Autant dire que pour eux la retraite à 60 ans est une douce
illusion.
Une retraite menacée ? Vous qui êtes allocataire ou pensionné,
pouvant opter pour une retraite à taux plein dès 60 ans (la
règle qui prévaut pour le régime de base est également applicable
aux retraites complémentaires), voudriez certainement savoir
si vos droits sont menacés. La Secrétaire d'Etat aux personnes
handicapées s'est prononcée en faveur de dispositions particulières,
lors de sa visite du CAT Val- Mandé le 14 mai, précisant être
"pour des solutions extrêmement souples dans la nouvelle loi
et pour des parcours personnalisés". Prenant exemple d'un salarié,
elle a ajouté "Roger, trisomique, a travaillé jusqu'à 50 ans
mais il est fatigué. Qu'il puisse prendre sa retraite à 50 ans,
cela ne me choque pas du tout". Marie- Thérèse Boisseau a également
estimé que le minimum vieillesse "n'est pas adapté aux
personnes handicapées". C'est dans le projet de loi sur l'égalité
des chances (lire cet
Editorial) que des dispositions concernant la retraite des
travailleurs handicapés seront incluses.
Face à des syndicats de salariés et des associations de personnes
muets sur le sujet (seul le Collectif des Démocrates Handicapés
s'est exprimé clairement en faveur d'une retraite anticipée,
dénonçant "une réforme handiphobe"), on peut se réjouir
des déclarations de Madame Boisseau.
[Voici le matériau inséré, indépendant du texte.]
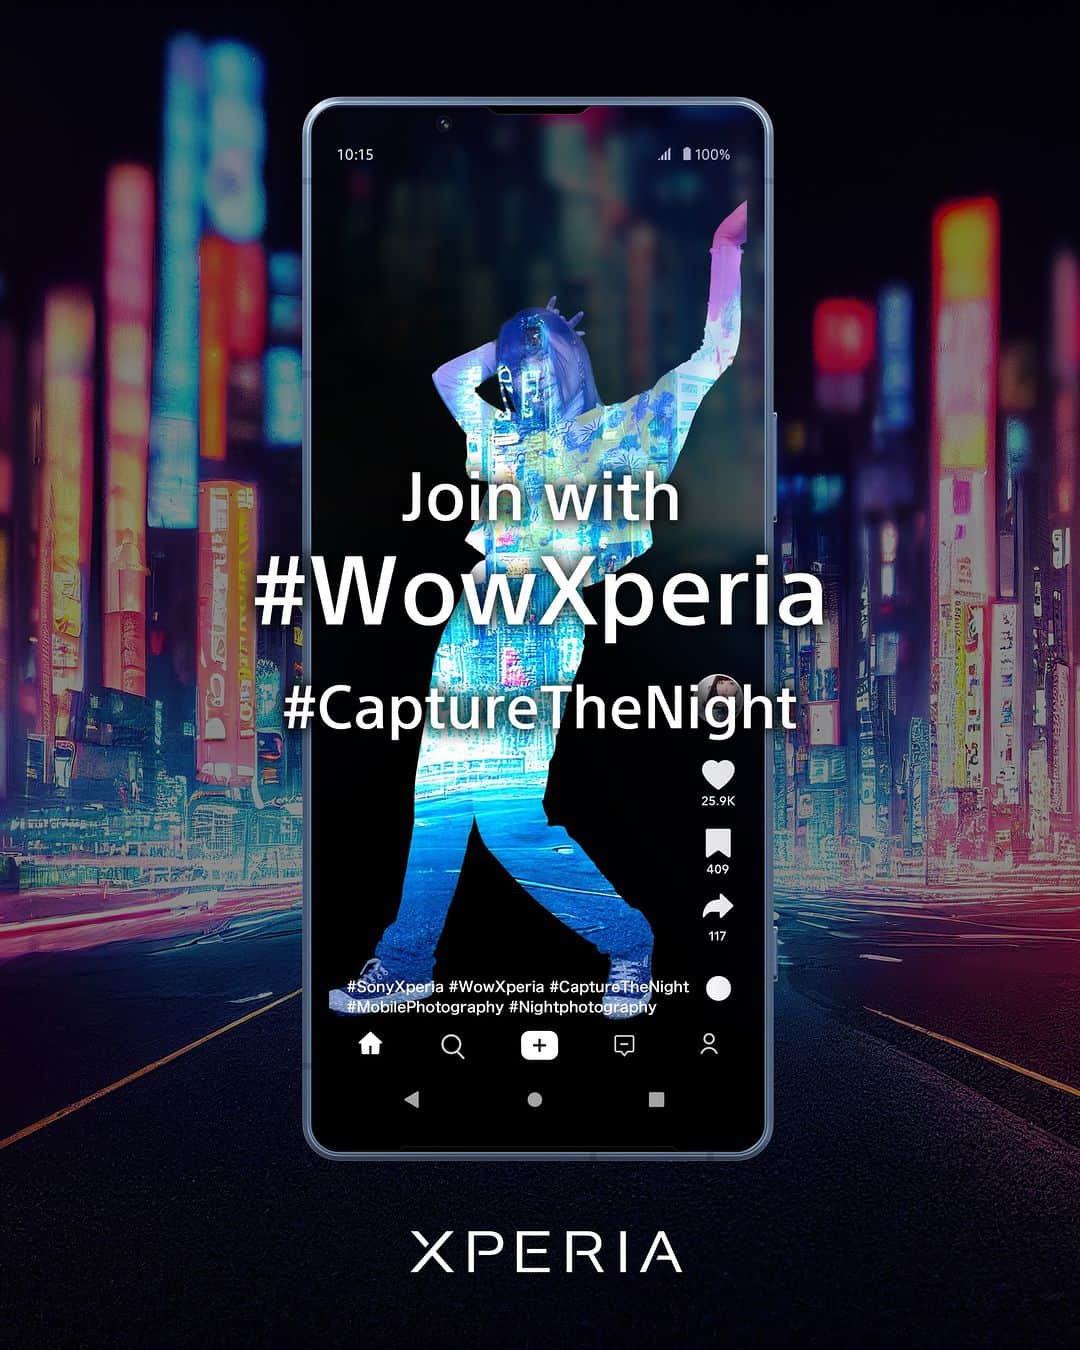 Sony Mobileのインスタグラム：「Have you already #CapturedTheNight with Xperia📱✨?​  Join our #CaptureTheNight campaign from Dec-Jan by posting on Instagram & using the #WowXperia hashtag for the chance to be featured on our Instagram channel 🌃📷! ​  Follow our channel and capture the nighttime world with Xperia – and don't forget to post them with #WowXperia! ​  For your image to be eligible for reposting, you must ensure the following: ​  ​ ✓You tag #WowXperia, the name of your country or region (e.g. #Japan), and the name of your Xperia device (e.g. #Xperia5V) ​ ✓You capture with an Xperia device ​ ✓You follow @SonyXperia on Instagram ​ ✓You read and accept our Terms & Conditions ​  ​ If we choose to feature your photo or movie, we will contact you first via Instagram Direct. ​ ​ #Sony #Xperia #SonyXperia #WowXperia #CaptureTheNight」
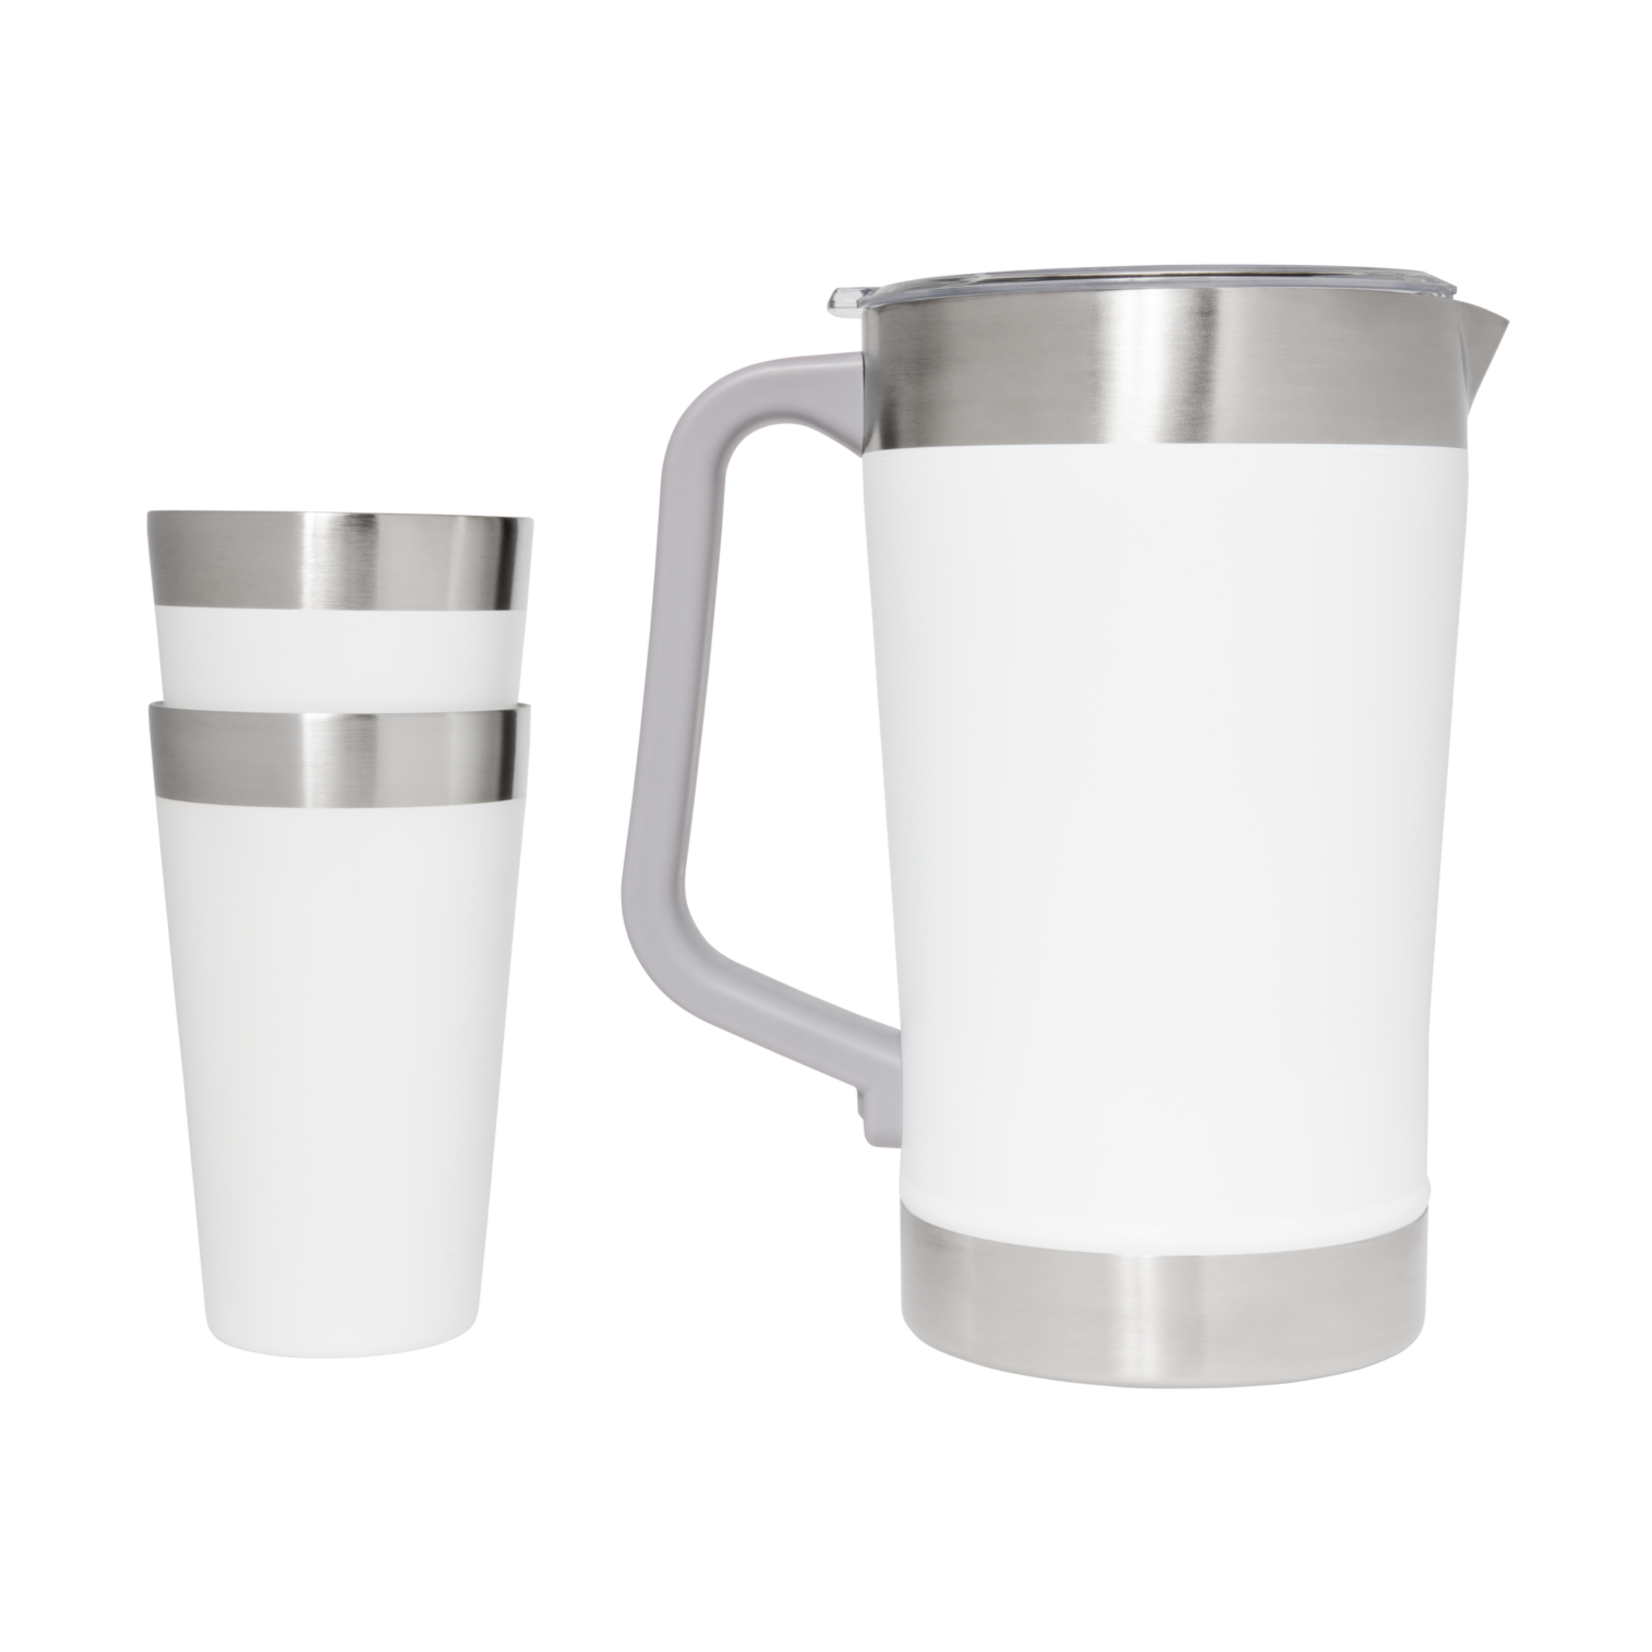 Stanley The Stay-Chill Classic Pitcher Set Polar 64oz

Le projet de loi du Ministre
des affaires sociales, François Fillon, introduit en effet une
notion d'équilibre entre la durée de la vie active (2/3) et
la période de retraite (1/3) pour tenir compte de l'augmentation
de l'espérance de vie. Sa comptabilité froide ne prend pas en
compte la durée de vie des travailleurs handicapés, réputée
inférieure à la moyenne même s'il n'existe pas d'étude récente
sur ce point. On le sait, le travail use les hommes et il est
d'ailleurs la première cause de handicap parmi les salariés.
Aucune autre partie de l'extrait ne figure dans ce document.